Учил меня мой воспитатель, однако, очень плохо, чему попало и как попало. Из языков он больше всего налегал почему-то на латынь, и немало тяжких дней провел я в зубрежке латинской грамматики.
Года за два до поступления в гимназию (поступил я туда на одиннадцатом году) я испытал еще одну страсть — к житиям святых, и начал поститься, молиться… Страсть эта, вначале сладостная, превратилась затем, благодаря смерти моей маленькой сестры Нади, в мучительную, в тоску, длившуюся целую зиму, в постоянную мысль о том, что за гробом. Излечила меня, помню, весна. Отзвуком этого осталось то упоение, с каким отдавался я иногда печали всенощных бдений в елецких церквах, куда водило нас, гимназистов, наше начальство, хотя вообще церковных служб я не любил. (Теперь люблю — в древних русских церквах и иноверческие, то есть католические, мусульманские, буддийские, — хотя никакой ортодоксальной веры не держусь.)
Гимназия и жизнь в Ельце оставили мне впечатления далеко не радостные, — известно, что такое русская, да еще уездная гимназия, и что такое уездный русский город! Резок был и переход от совершенно свободной жизни, от забот матери к жизни в городе, к нелепым строгостям в гимназии и к тяжкому быту тех мещанских и купеческих домов, где мне пришлось жить нахлебником. Учился я сперва хорошо, воспринимал почти все легко, потом хуже: новая жизнь сделала то, что я стал хворать, таять, стал чрезмерно нервен, да еще на беду влюбился, а влюбленность моя в ту пору, как, впрочем, и позднее, в молодости, была хотя и чужда нечистых помыслов, но восторженна. Дело кончилось тем, что я вышел из гимназии.

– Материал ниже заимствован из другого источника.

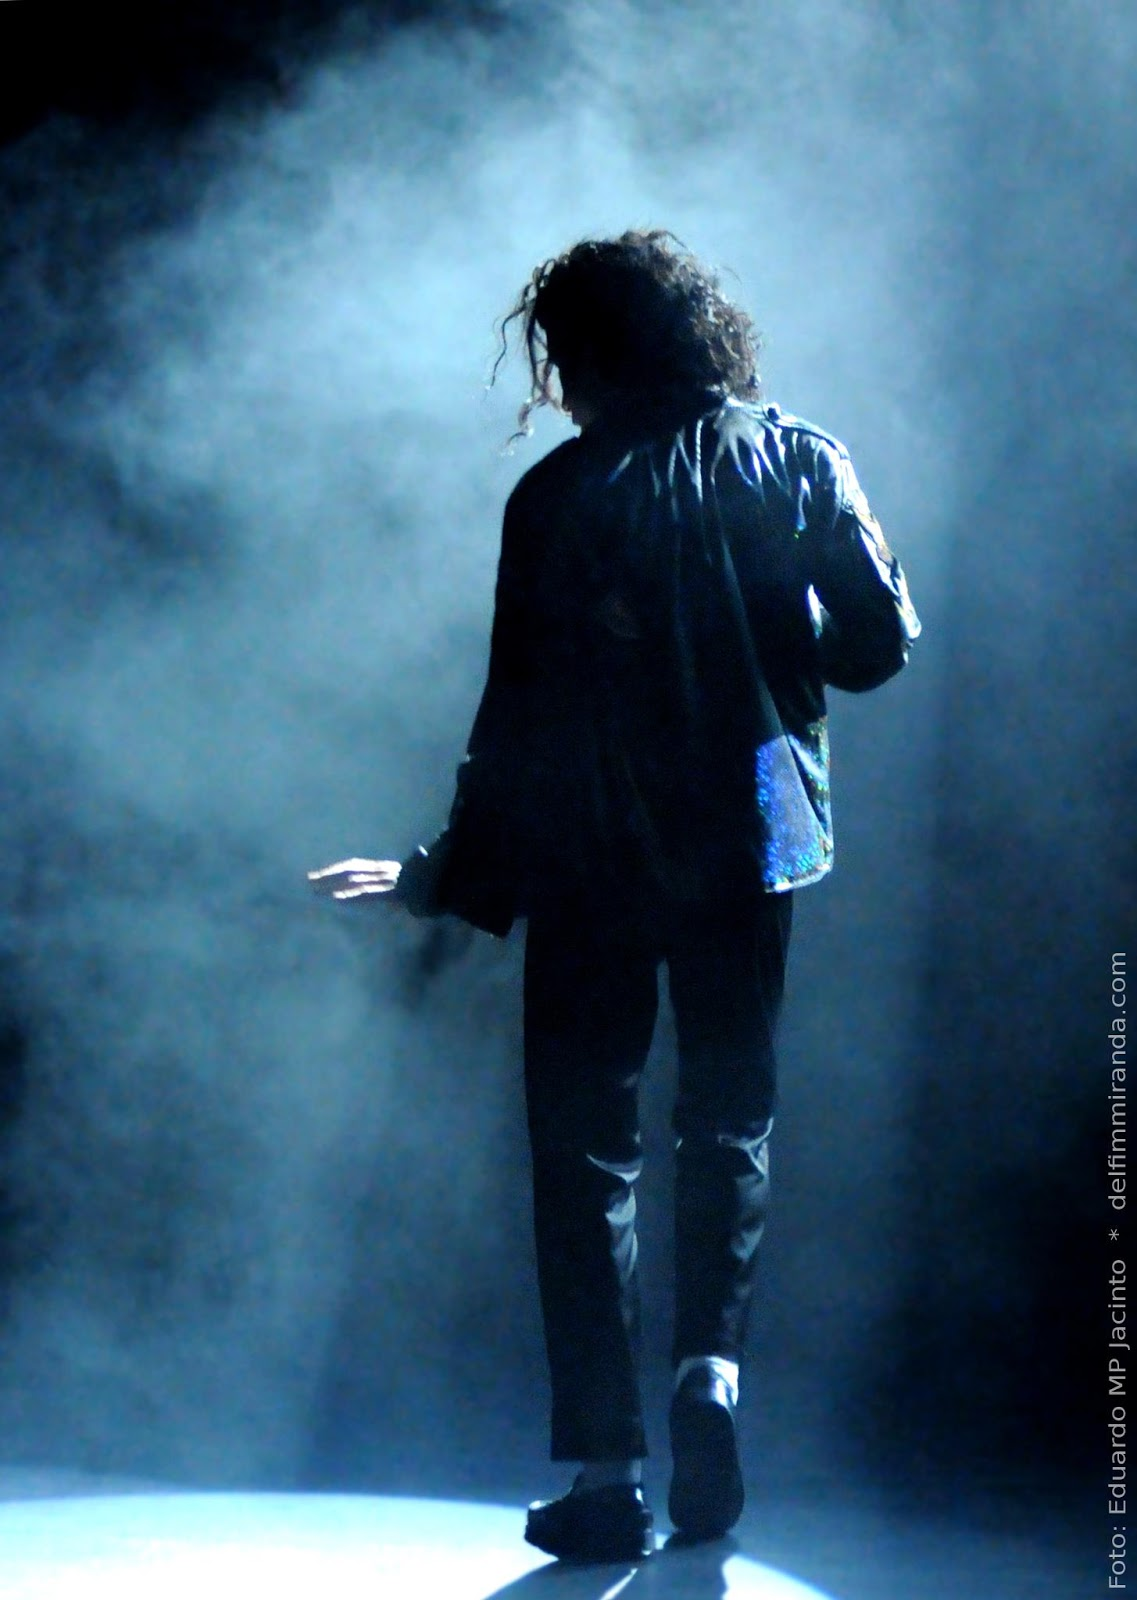 Delfim Miranda - Michael Jackson Tribute - Stage performance

Читал я в детстве мало и не скажу, чтобы уж так жаждал книг, но, вероятно, прочитал почти все, что было у нас в доме и что еще не пошло на цигарки тем приживальщикам, прежним слугам-друзьям отца, что иногда гостили у нас, и до сих пор еще помню, как читал я «Английских поэтов» Гербеля, «Робинзона», затасканный том «Живописного обозрения», кажется, за 1878 год, чью-то книгу с картинками под заглавием «Земля и люди»… Суть того чувства, что вызывали во мне эти книги, и до сих пор жива во мне, но ее трудно выразить. Главное заключалось в том, что я видел то, что читал, — впоследствии даже слишком остро, — и это давало какое-то особое наслаждение.

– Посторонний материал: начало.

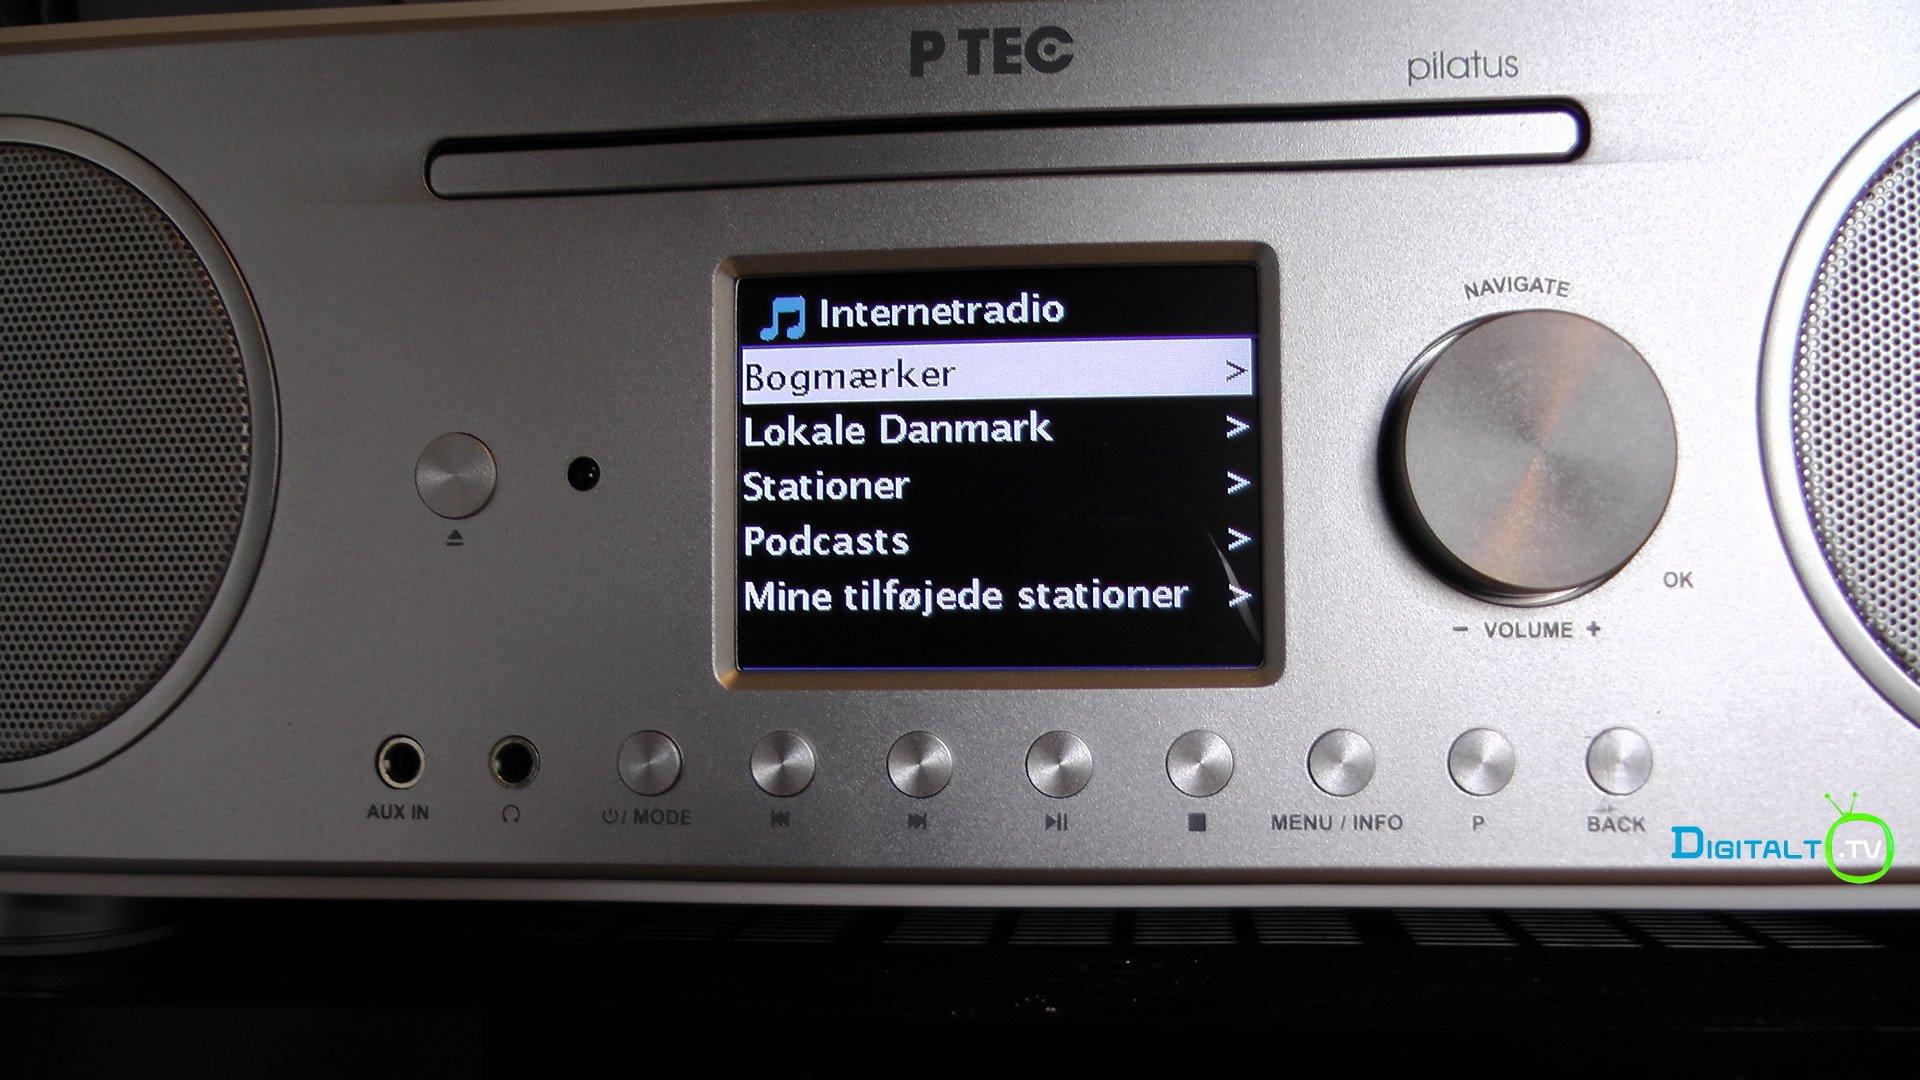 Pilatus Internetradio menu

В гимназии много из того, что обычно читается в такие годы, мне совсем не нравилось. (Из того, что произвело на меня в первые гимназические годы особенно поэтическое и восторженное впечатление, вспоминается сейчас «Колокол» Андерсена). И стихов в гимназии я почти не писал, хотя до чужих был жаден и отличался способностью запоминать наизусть чуть не целую страницу даже гекзаметра, только раз пробежав ее. (Память у меня вообще хорошая, — то, что интересует, запоминаю крепко, — но насилия не терпит: убедился в этом еще в ранней молодости, когда, по гоголевской манере, пытался упражняться в наблюдательности.)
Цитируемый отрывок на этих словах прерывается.